EXERCISE REQUIREMENTS ▸
Repeat each line of the data below exactly, but skip the pictures.

GIVEN MATERIAL ▸
※ ※ ※

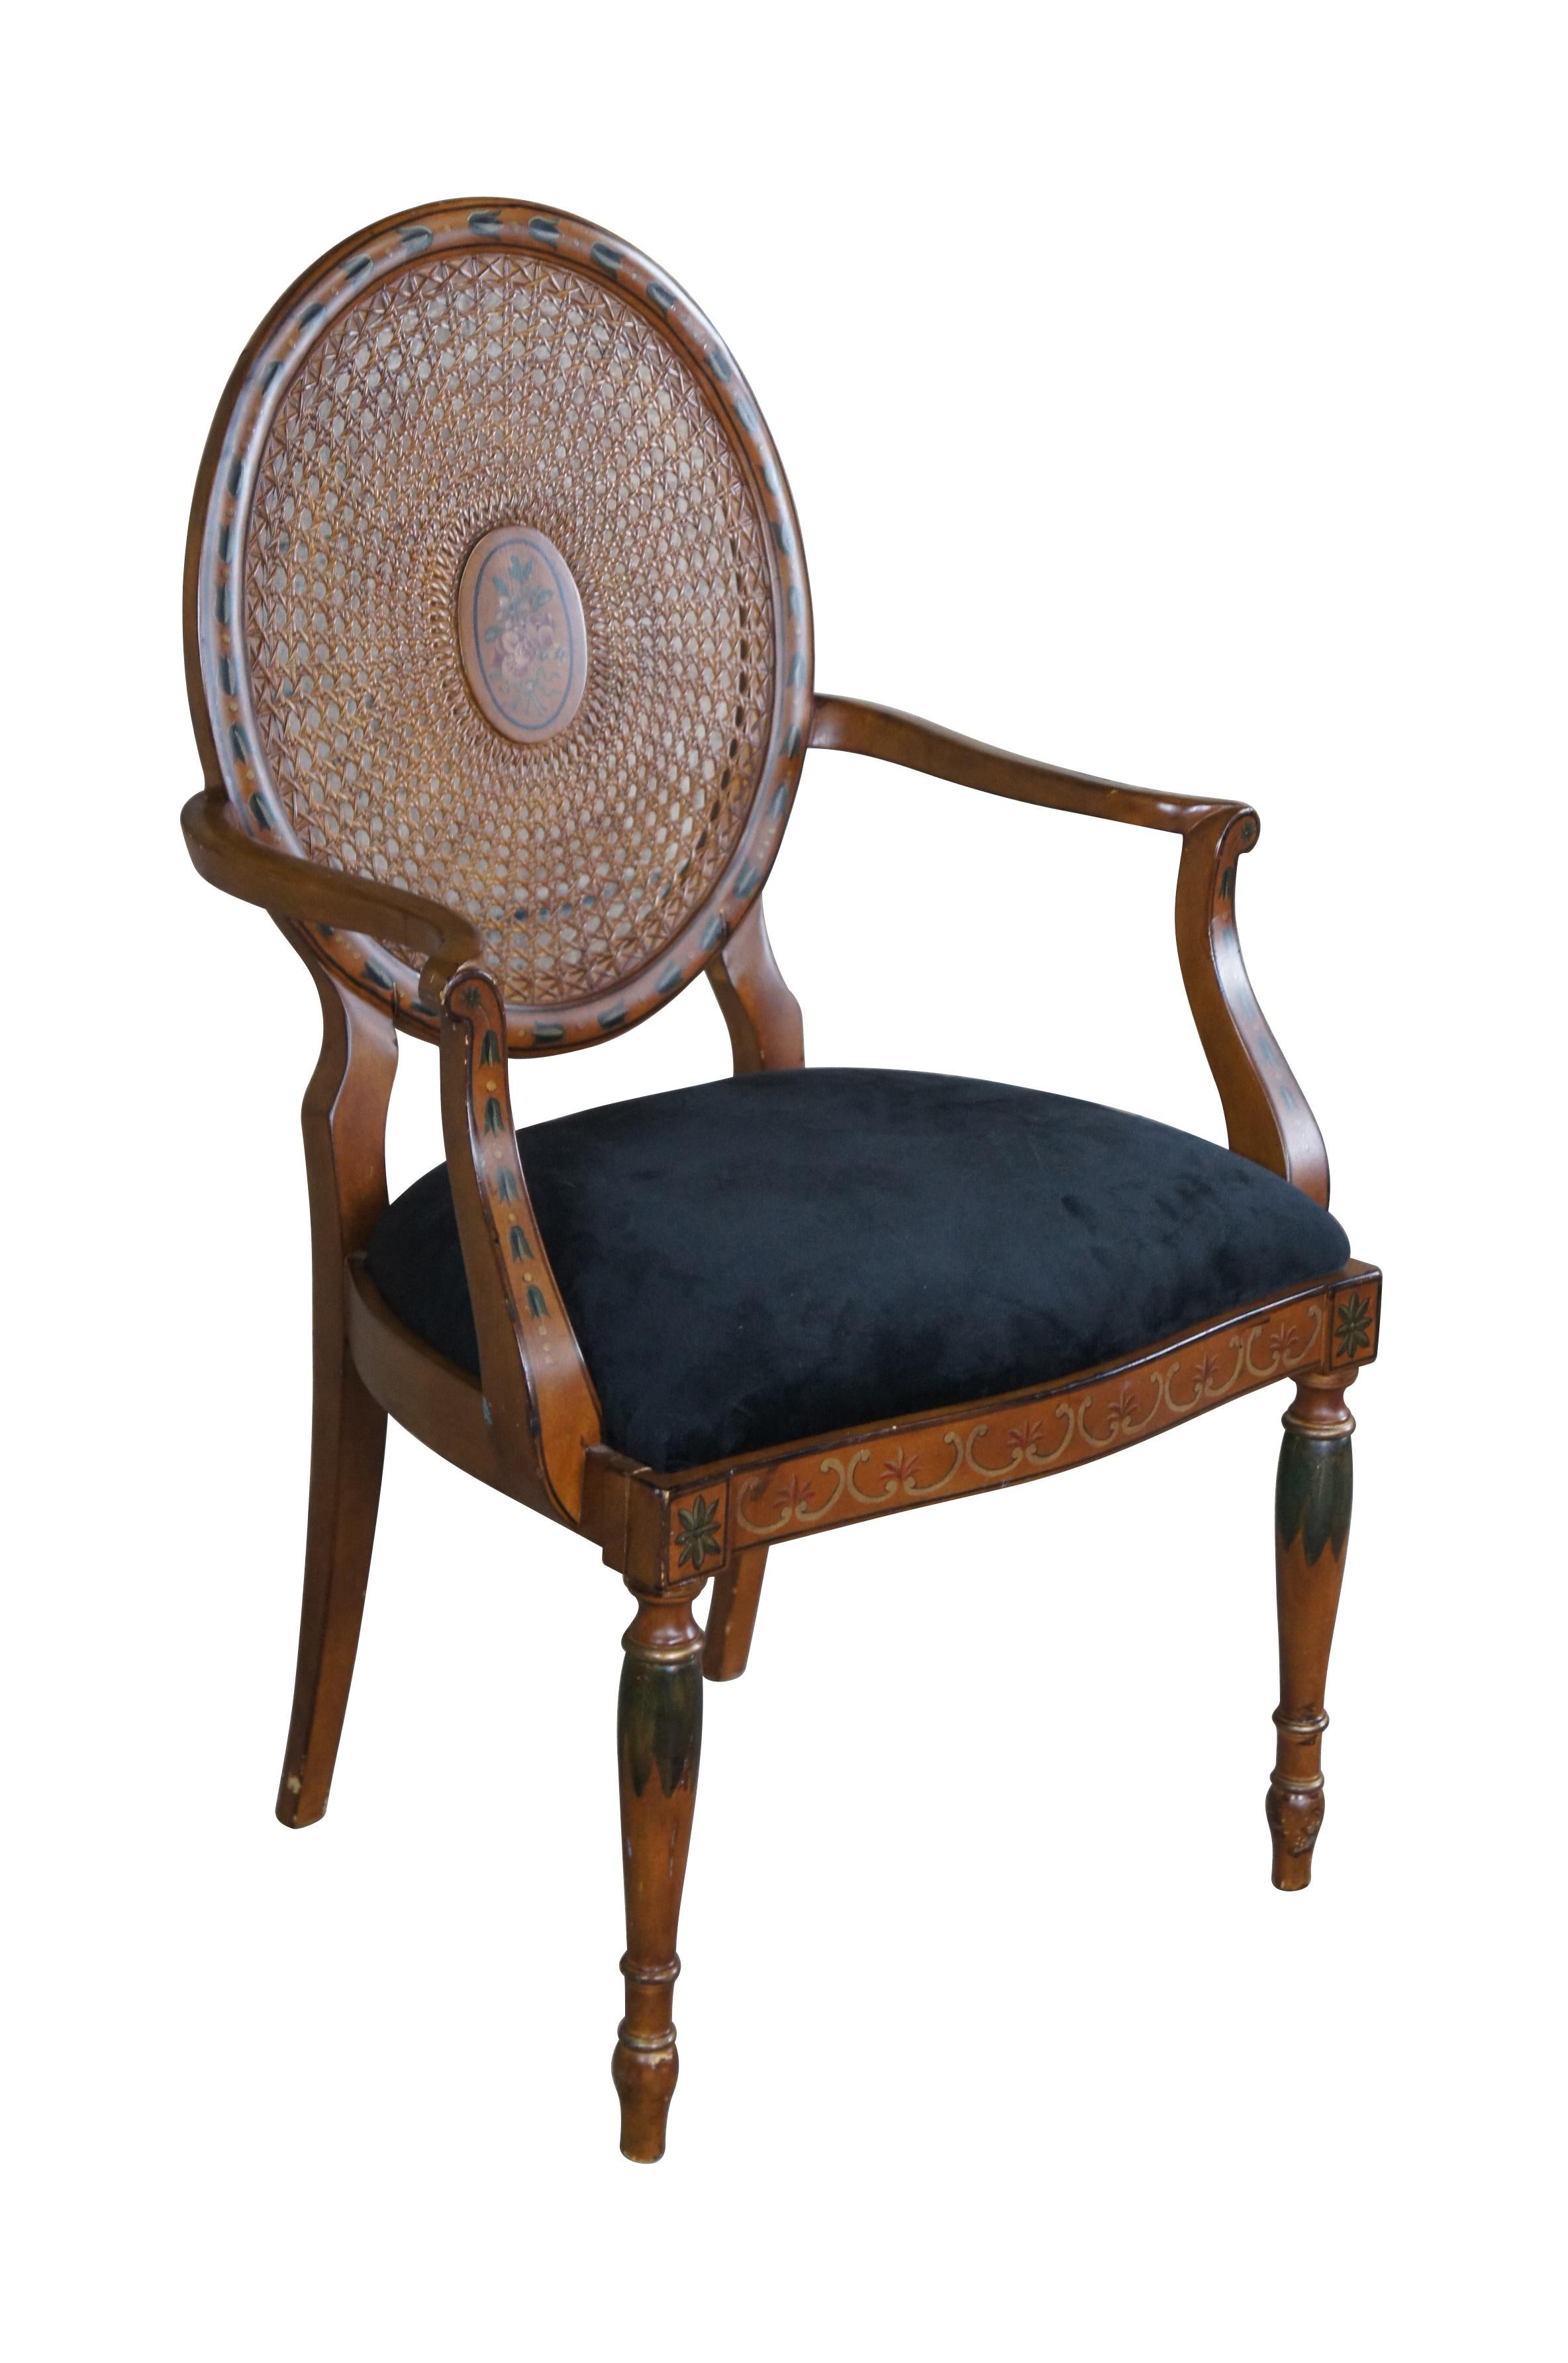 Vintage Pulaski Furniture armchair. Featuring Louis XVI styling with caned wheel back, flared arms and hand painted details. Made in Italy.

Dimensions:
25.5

※ ※ ※

RESULT FOR THIS EXERCISE ▸
 Vintage Pulaski Furniture armchair. Featuring Louis XVI styling with caned wheel back, flared arms and hand painted details. Made in Italy.

Dimensions:
25.5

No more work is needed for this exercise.